BEGIN GIVEN MATERIAL

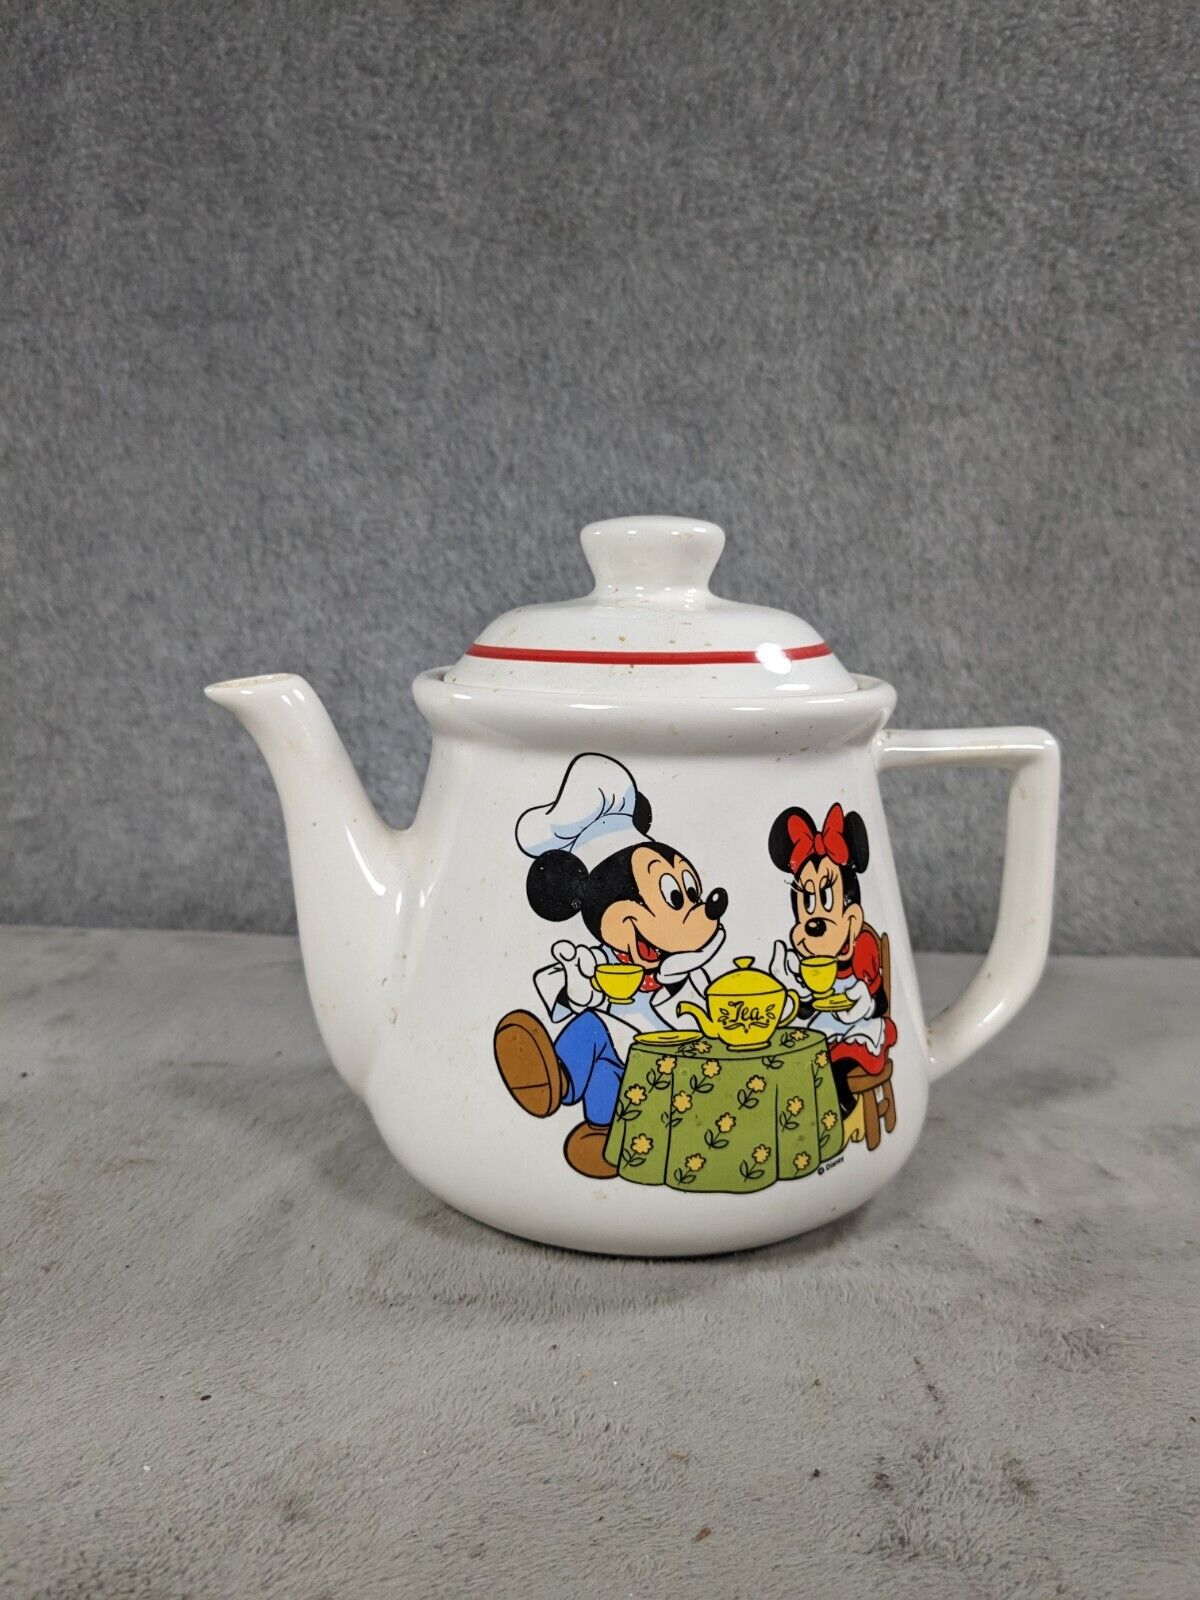 Vintage Disney Mickey Mouse And Minnie Mouse Tableware Collection Ceramic Teapot
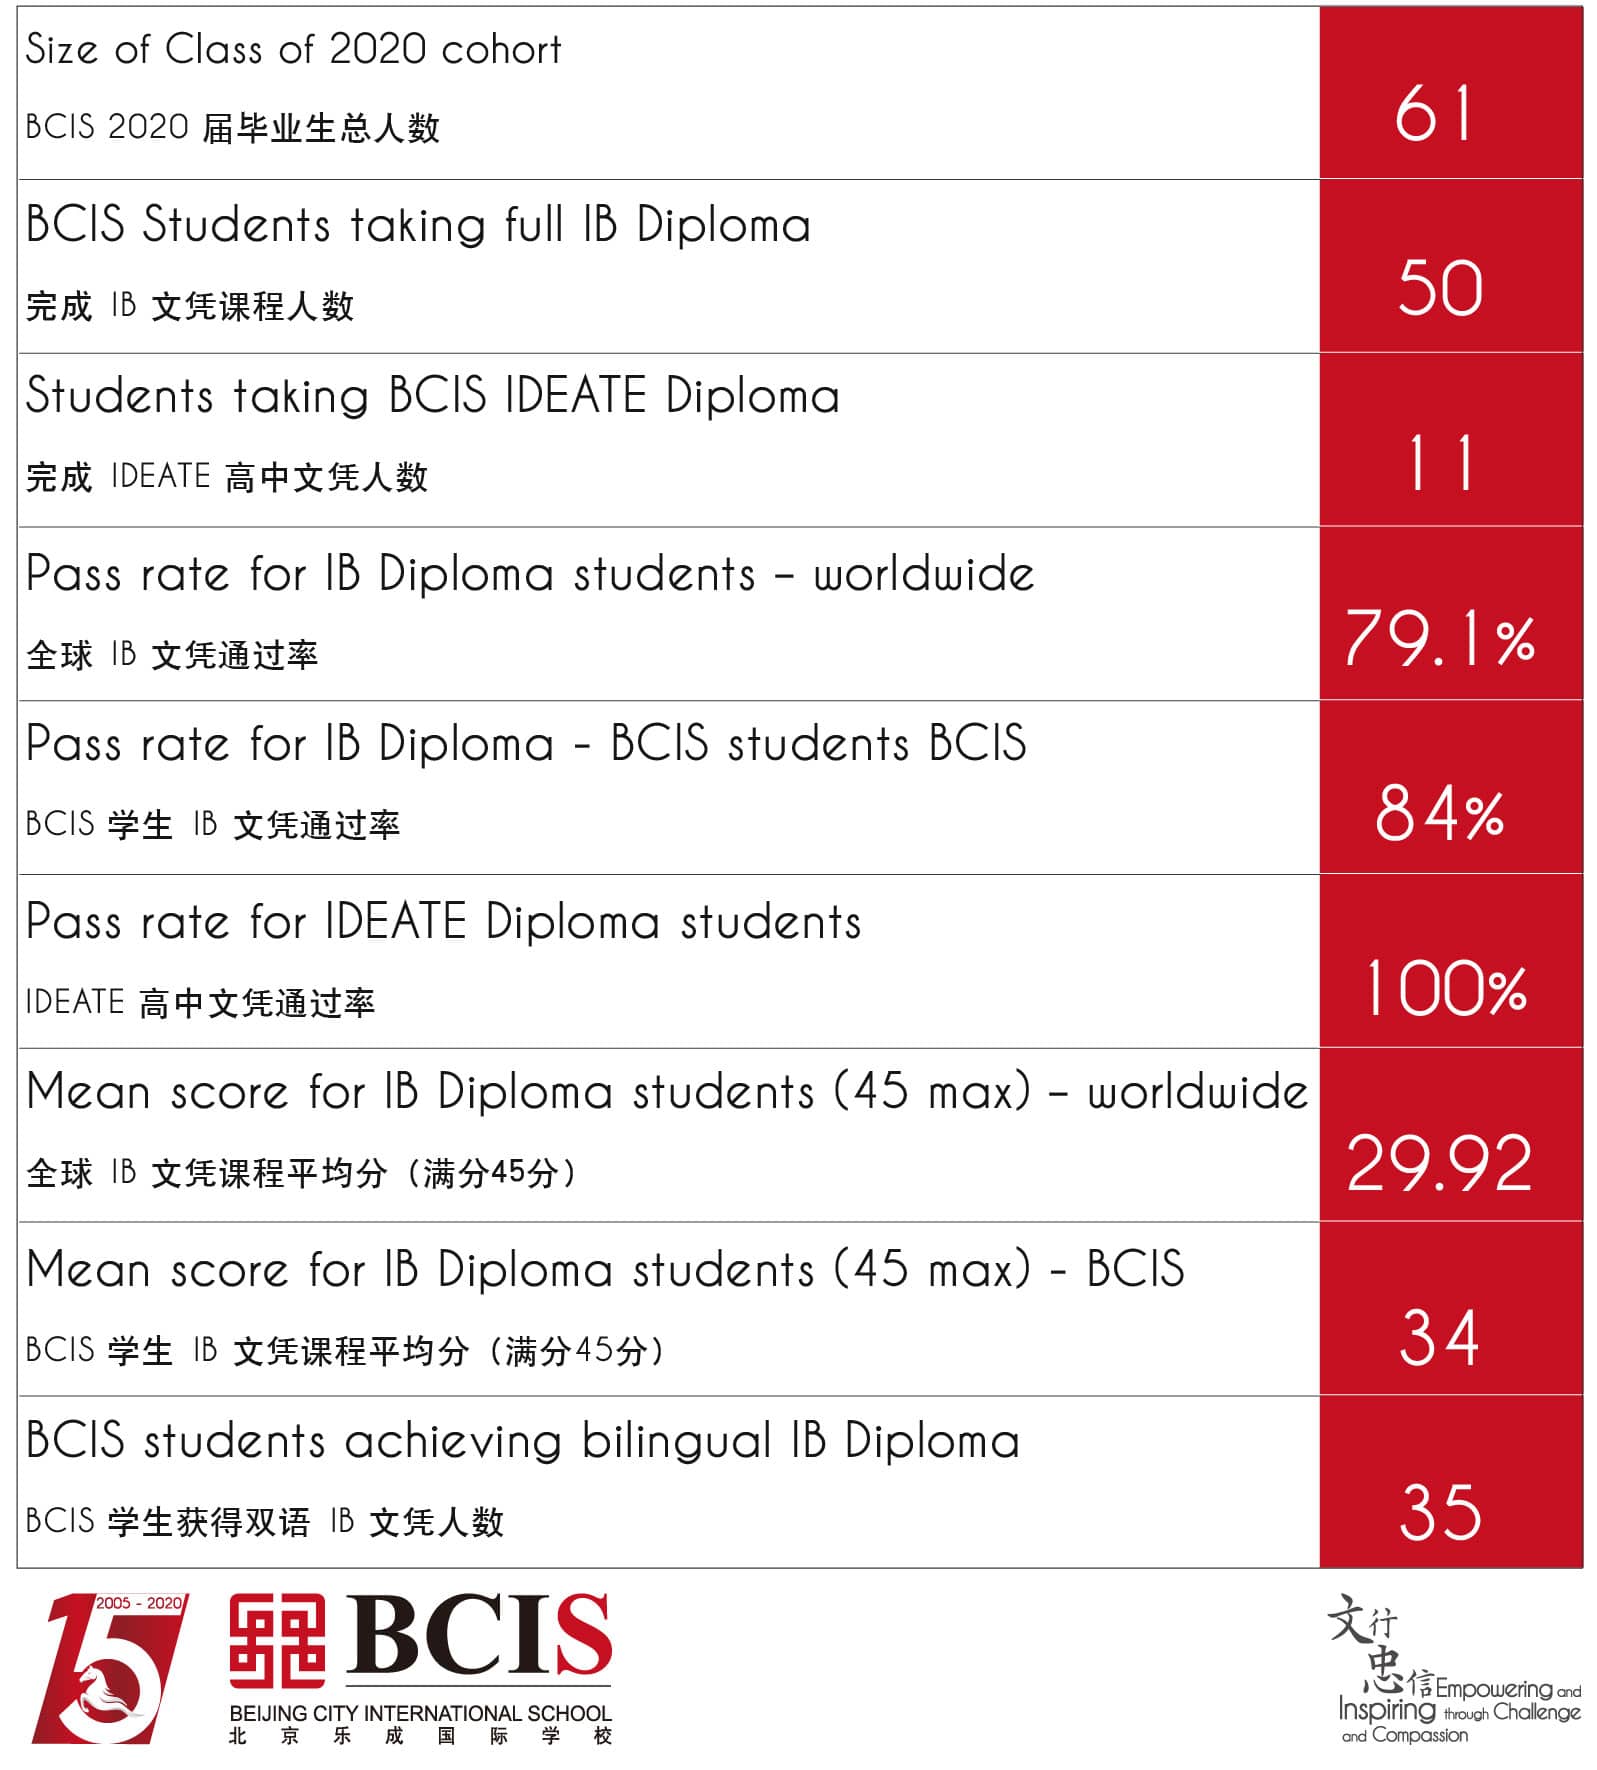 BCIS class of 2020 IB Diploma and IDEATE results
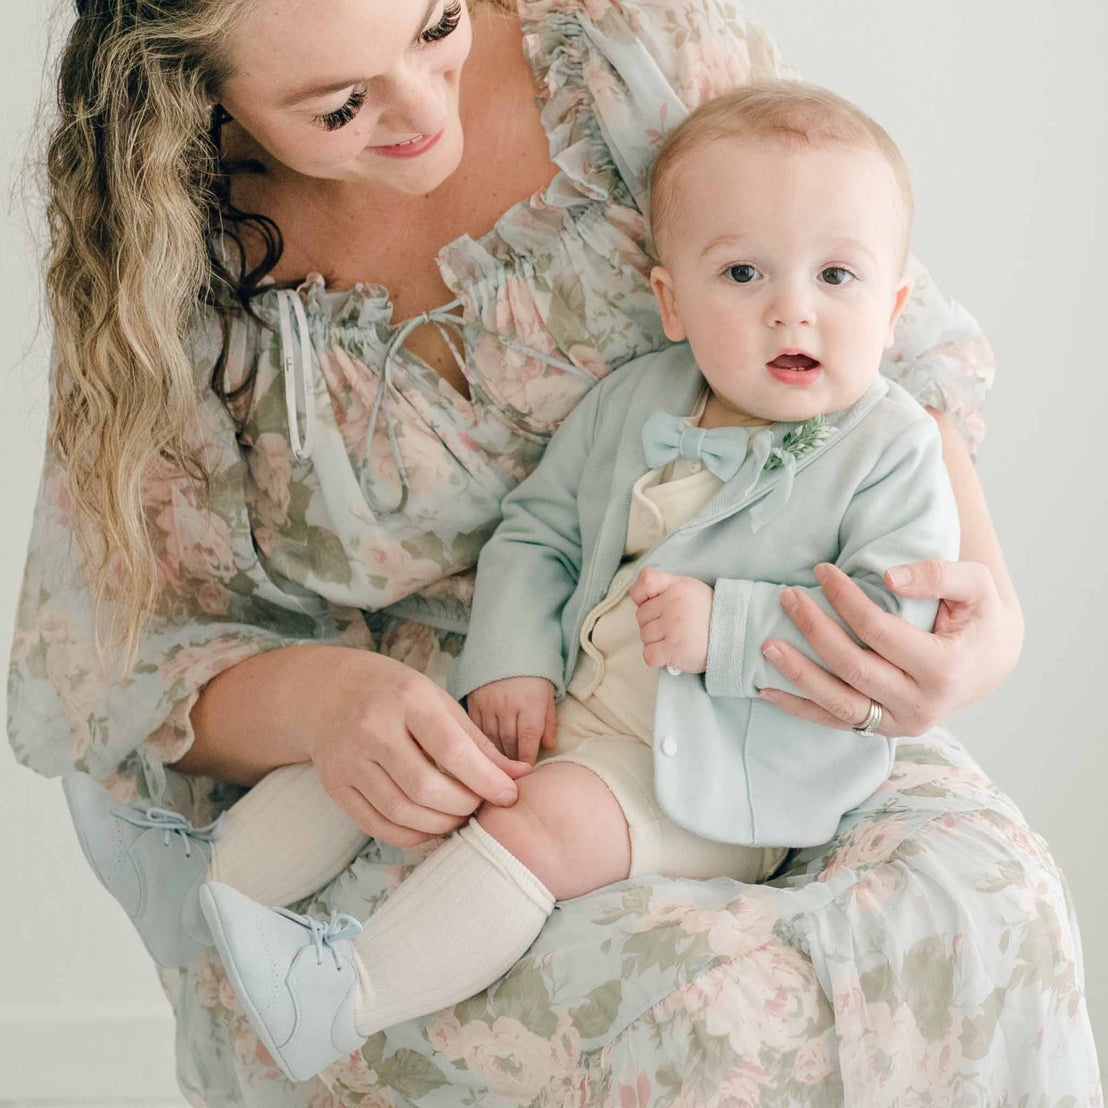 Baby boy sitting on his mother's lap. He is wearing the Ezra 4-Piece Powder Blue Suit, blue velvet bow tie and boutonniere
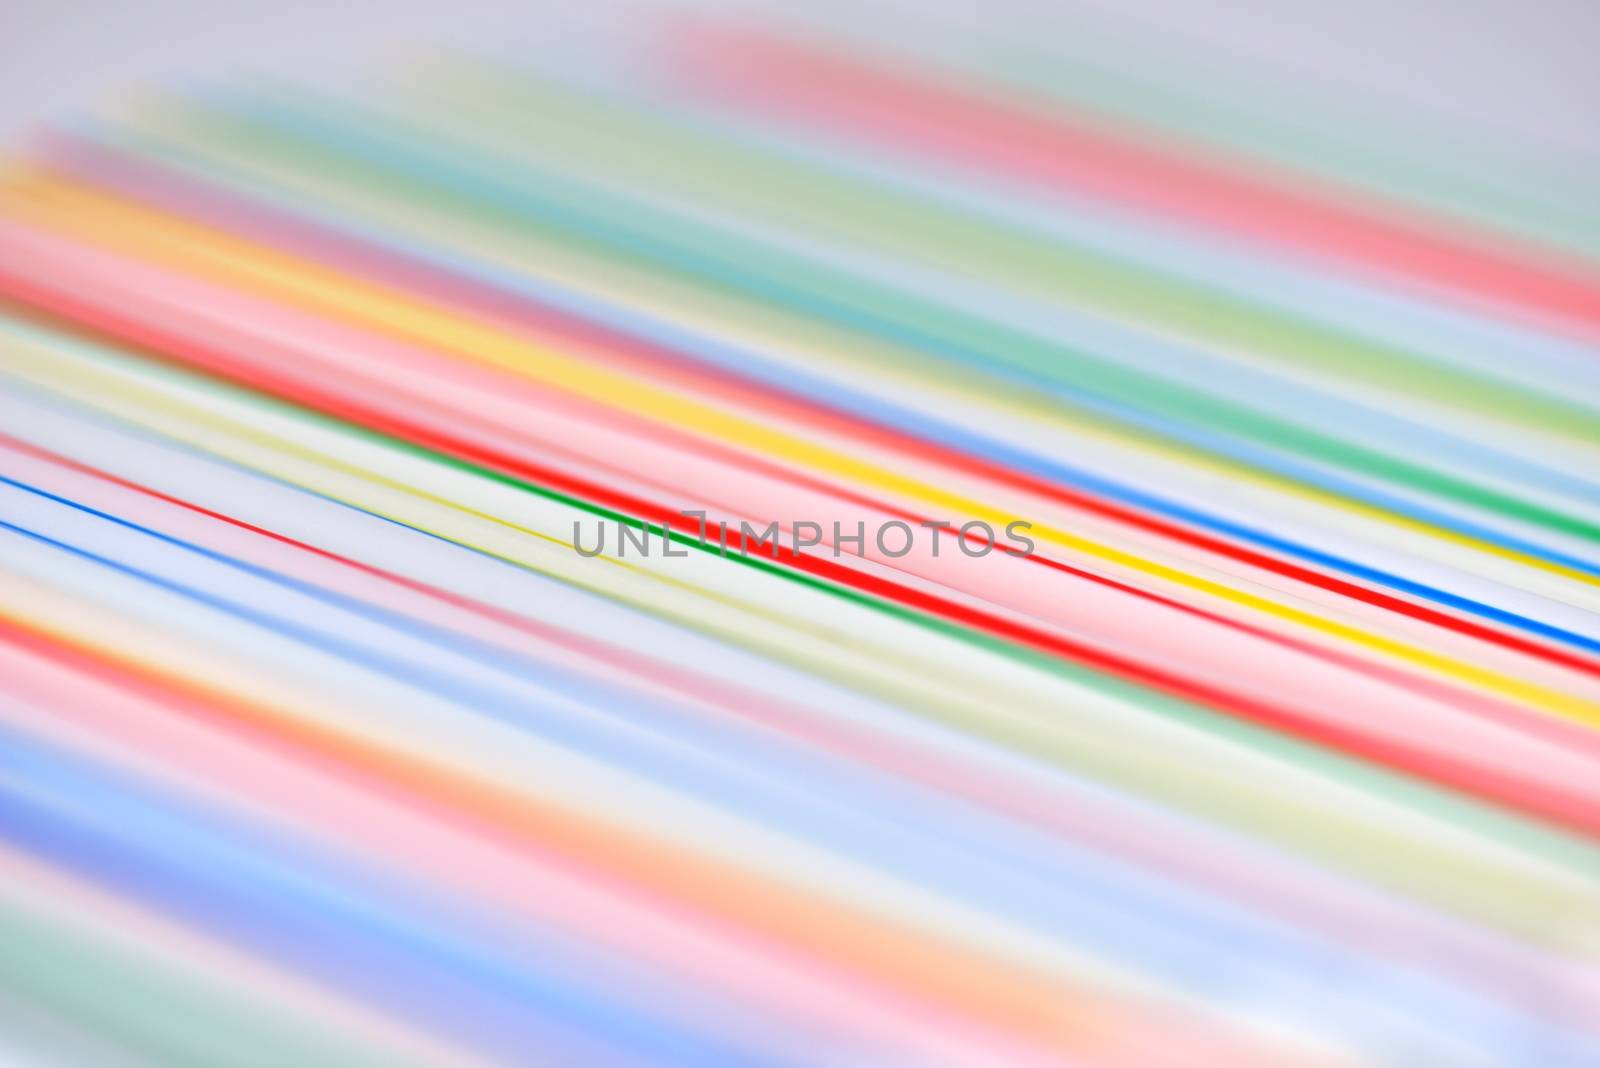 Many colorful drinking straws

END GIVEN MATERIAL

**WHAT YOU HAVE TO DO**
All the lines above are to be reproduced exactly, except the pictures.

**OUTPUT FOR THIS TASK**
 Vintage Disney Mickey Mouse And Minnie Mouse Tableware Collection Ceramic Teapot
 BCIS class of 2020 IB Diploma and IDEATE results
 Baby boy sitting on his mother's lap. He is wearing the Ezra 4-Piece Powder Blue Suit, blue velvet bow tie and boutonniere
 Many colorful drinking straws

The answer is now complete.